Nationally, it is important to note that 55 per cent of workers in these three sectors are female.

Income lost for these workers in moving from paid work to Newstart can be determined based on national average weekly earnings by industry. If a single person with no children was to rely solely on current income support from the government ($557.50/week), they would face a weekly wage loss of $255.50 per week (not including the one-off $750 Economic Support Payment) if they were previously employed in retail trade, for example.

Income disparities for families moving from paid work to Newstart are likely to be larger and more detrimental. When we consider that median rent for 2-bedroom house in Newcastle is $390 per week, we can see that rental stress and rent-arrears are likely to jump without income assistance or a ‘holiday’ on rental payments, which some are discussing.
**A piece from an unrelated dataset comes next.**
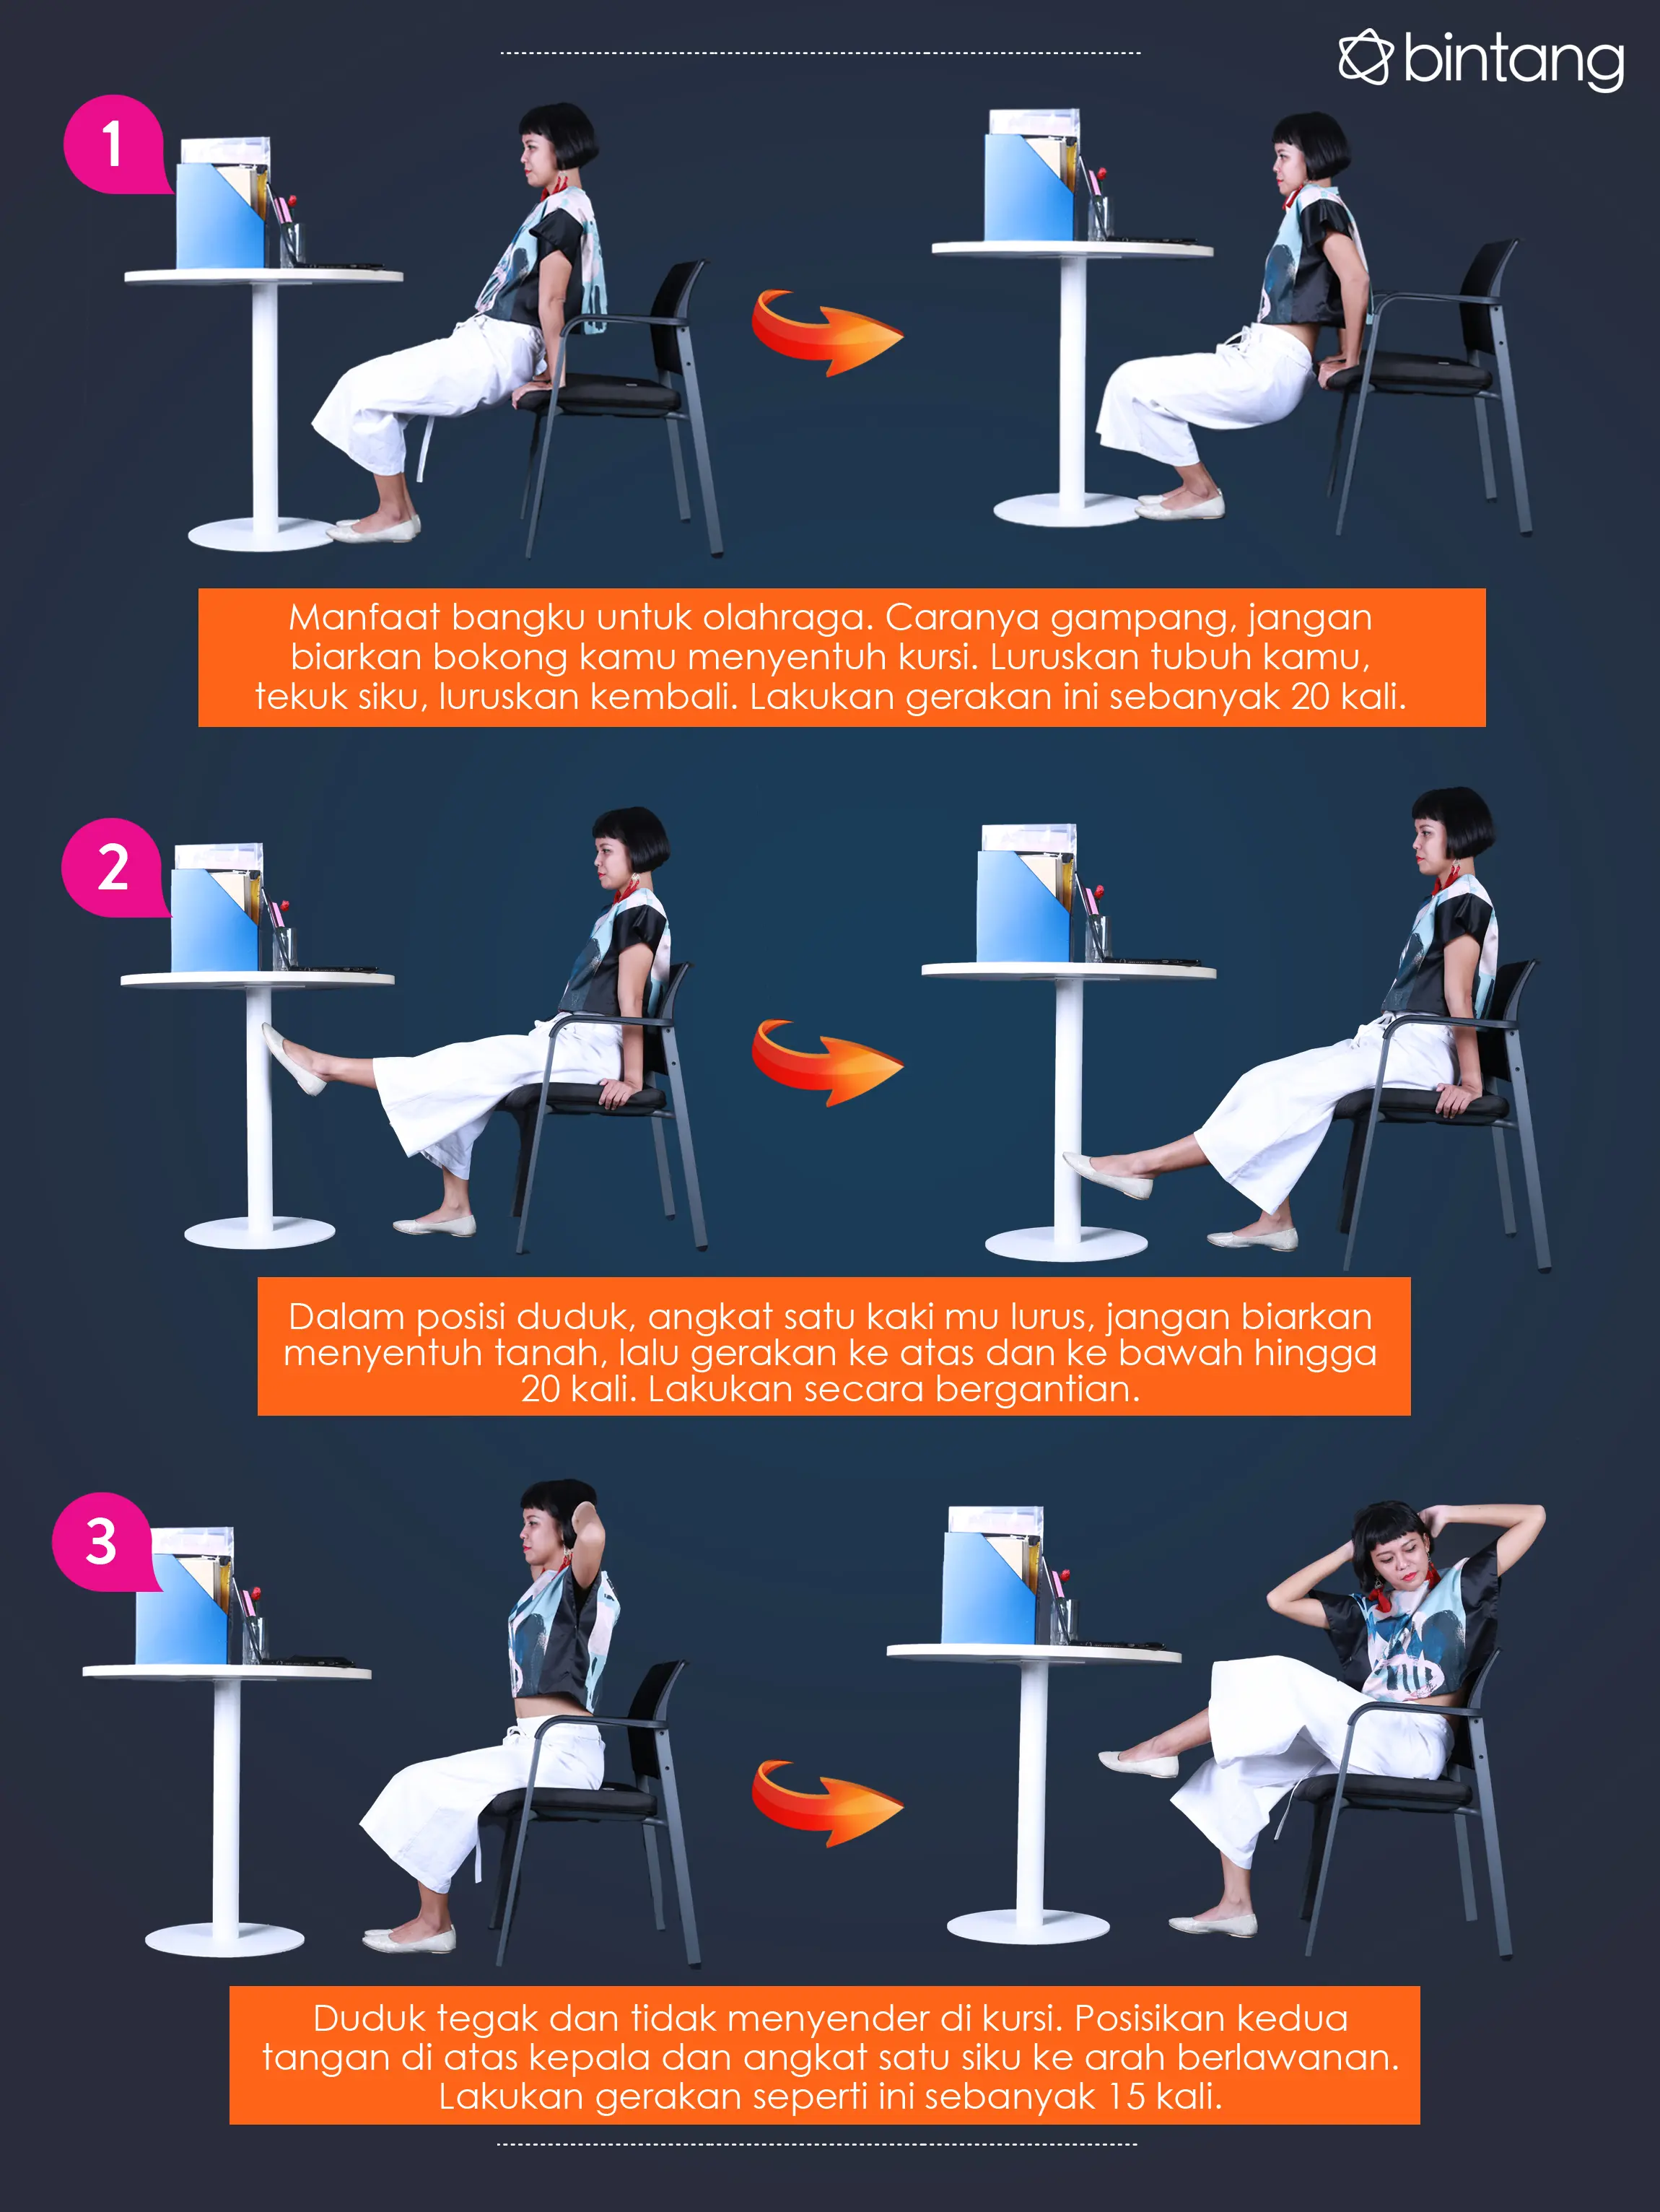 Begini cara agar tubuhmu tetap aktif dan sehat meski kerja di belakang laptop. (Foto by Andy Masela/Bintang.com, Digital Imaging by Muhammad Iqbal Nurfajri/Bintang.com)
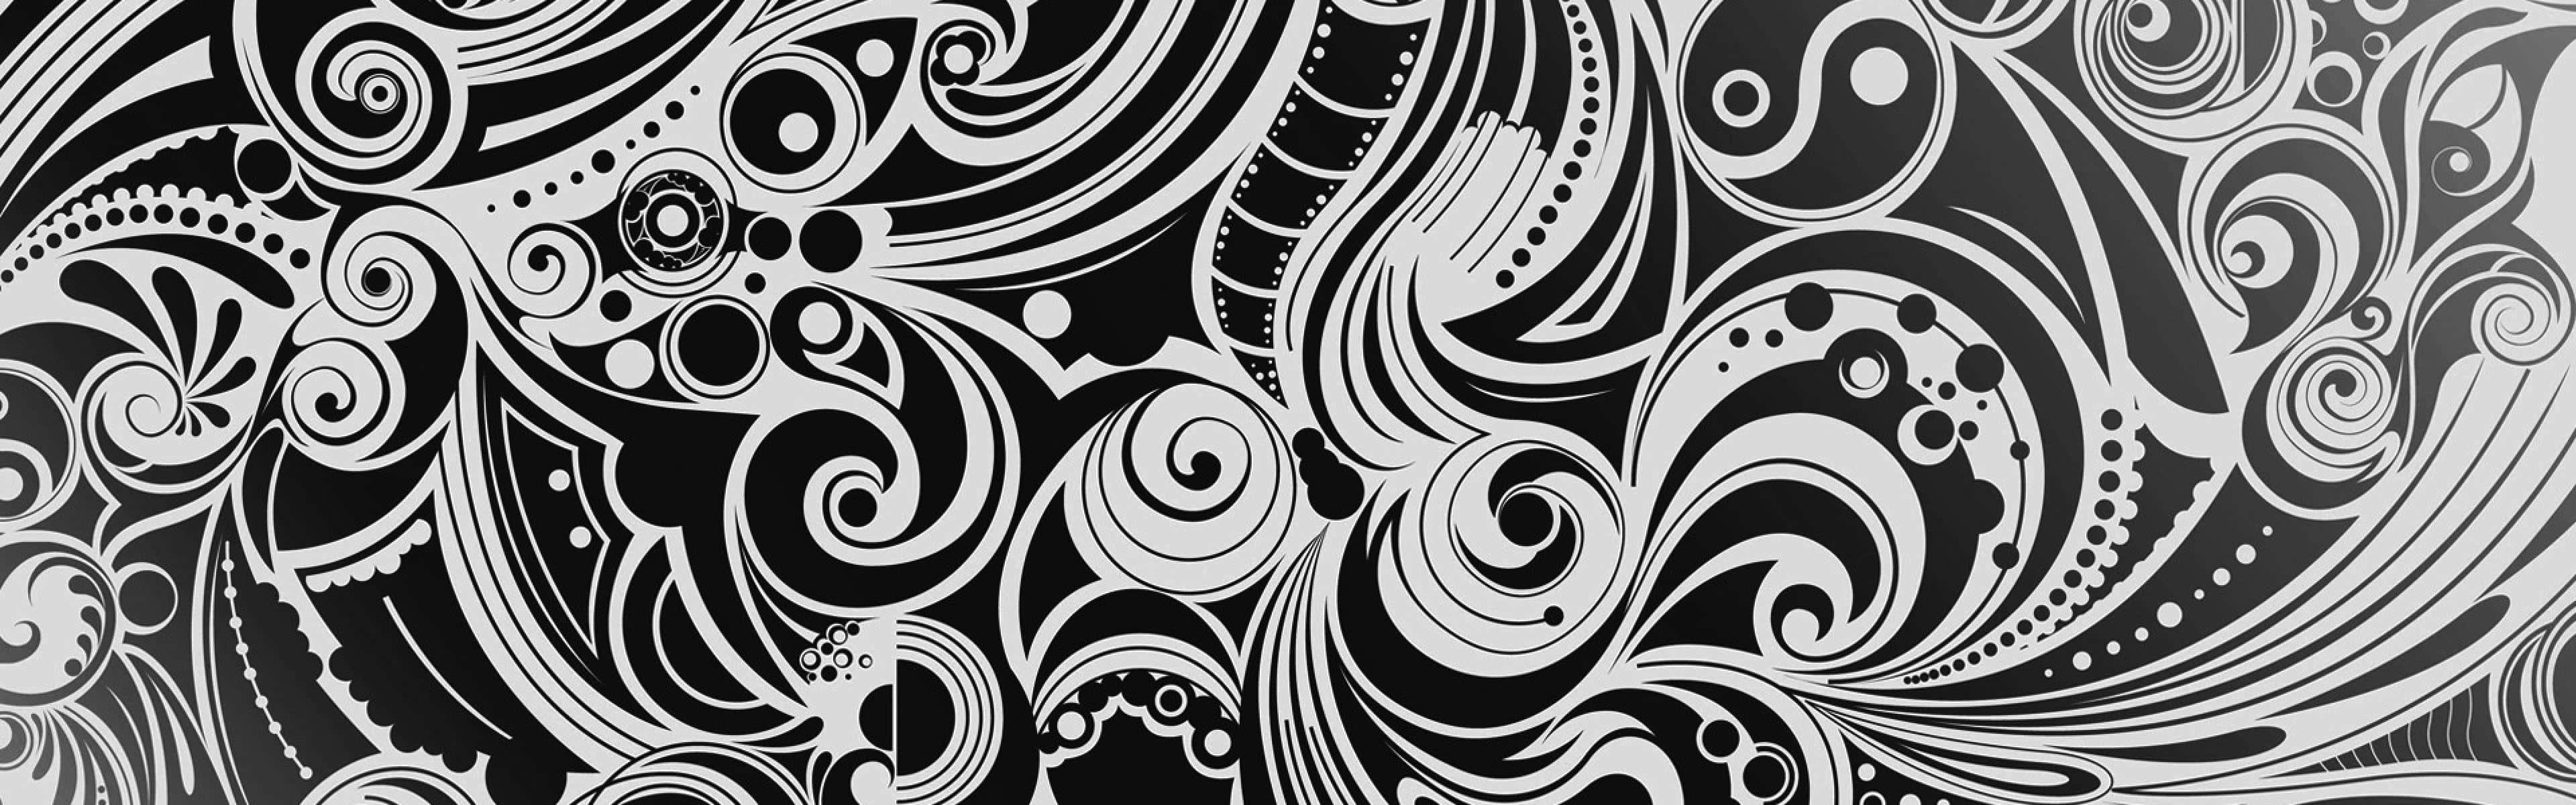 Patrónen Espiral En Blanco Y Negro, Impresión En Metal Fondo de pantalla

In addition, lower wages of these workers will lead to a decrease in overall spending in the economy. And as one individual’s spending is another’s income, there is a flow-on effect to other businesses and industries. Hence, the income and job losses experienced most immediately by those who lost their job this week will be followed by what will likely be larger income losses across the entire economy.

More broadly, job losses and market fluctuations witnessed over the globe will play a role in investor confidence and the valuation of assets. Such movements may already be seeing lower activity and prices in the housing and construction sector, which has been softening over much of 2019. This decline flows on to a number of associated industries within the Hunter.

At this early stage in the crisis for our region, we are starting to see the impact of those sectors that will be hardest hit. Special attention needs to be paid to the potentially disproportionate effect on younger workers, both for their welfare and the possible flow-on effects to other sectors of the economy.